1942 big band song by Harry Warren

1942 sheet music cover, Bregman, Vocco and Conn, Inc., New York.

1942 RCA Victor 78, 27935-A.

"Serenade in Blue" is a 1942 big band song composed by Harry Warren, with lyrics written by Mack Gordon. It was introduced in the 1942 film Orchestra Wives by Glenn Miller and His Orchestra, sung by Lynn Bari in the film but dubbed by Pat Friday.

==Background==
Glenn Miller and His Orchestra were the first to record and release the song in 1942. They released the song as an RCA Victor 78, 27935-A, which peaked at #2 on the Billboard pop singles chart.

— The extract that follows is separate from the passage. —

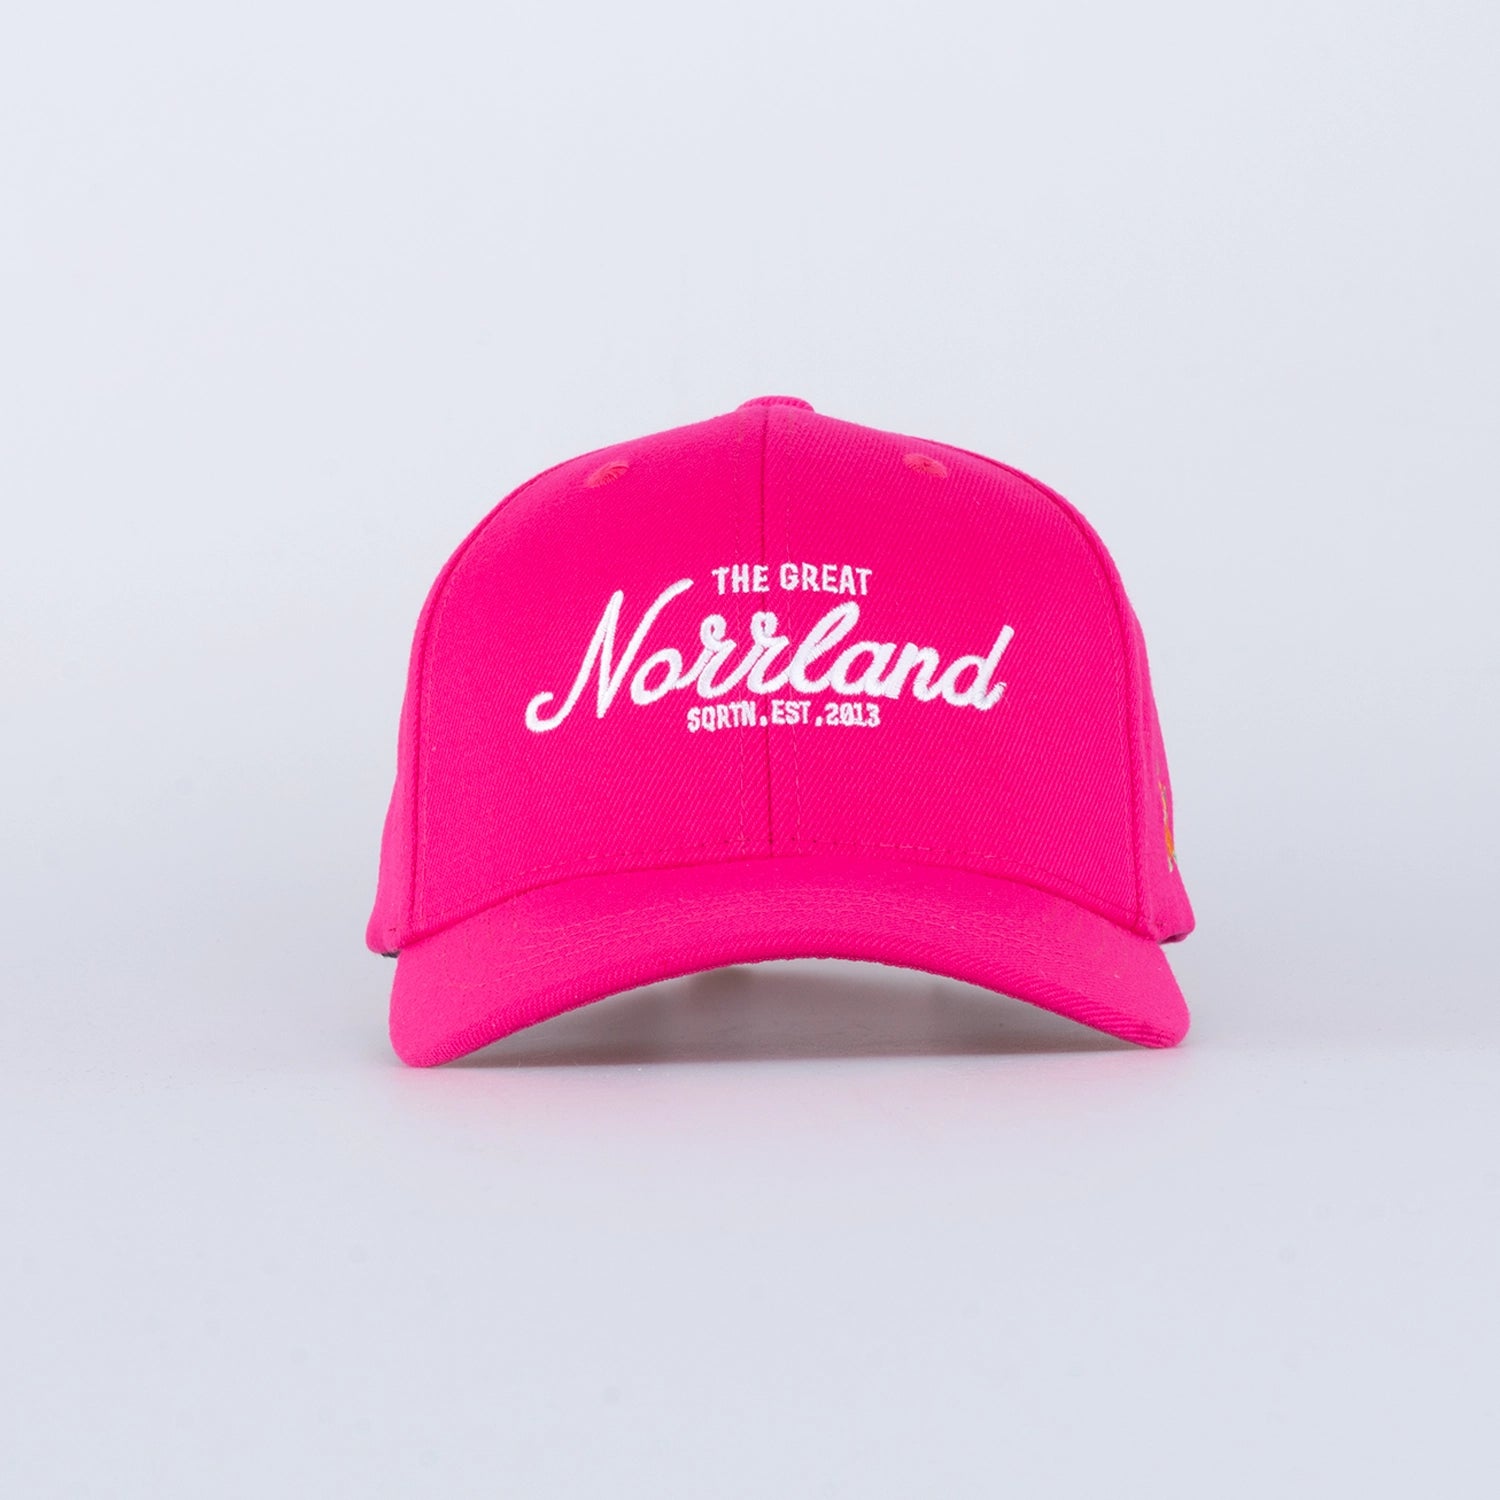 GREAT NORRLAND KIDS KEPS - HOOKED HOT PINK

The RCA Victor recording by Glenn Miller and His Orchestra featured vocalist Ray Eberle with backing vocals by The Modernaires. This record was the year's eleventh-best selling recording in the United States according to Billboard magazine, after having spent fifteen weeks on the Billboard charts.

==Notable recordings==
- The first recording and release of the song by Glenn Miller and His Orchestra (with vocal refrain by Ray Eberle and The Modernaires). It was recorded in Chicago on May 20, 1942 and was released by Glenn Miller and His Orchestra on RCA Victor Records as a 78 single, catalogue number 27935A, reaching #2 on the Billboard charts.
- Paul Whiteman and His Orchestra with Guest Vocalist Martha Tilton, 1942
- Tex Beneke with the Glenn Miller Orchestra
- Harry James, 1952
- Ray Anthony, 1954
- Al Caiola
- Vic Damone (1954)
- Doris Day - Doris Day's Sentimental Journey (1964)
- Billy Eckstine Big Band (April 21, 1947)
- David Rose and his Orchestra, 1948
- Dinah Shore
- Stan Getz - West Coast Jazz (1955)
- Jackie Gleason - Body and Soul (1995)
- Benny Goodman - Benny Goodman and His Great Vocalists, Dick Haymes on vocals, Legacy/Columbia, 1995
- Dexter Gordon - Landslide (1962)
- Charlie Mingus, 1956
- Lou Levy Trio in 1955
- Gloria Lynne
- Oscar Peterson Trio - Plays Harry Warren (1954), Pastel Moods (1956)
- Charlie Barnet, 1956
- Jerry Gray, 1958
- André Previn and David Rose - Like Blue (1960)
- Frank Sinatra - Sinatra and Swingin' Brass (1962)

==Popular culture==
- Brad Kane (dubbing Danny Strong) and Royal Crown Revue in the Buffy the Vampire Slayer episode Superstar (2000).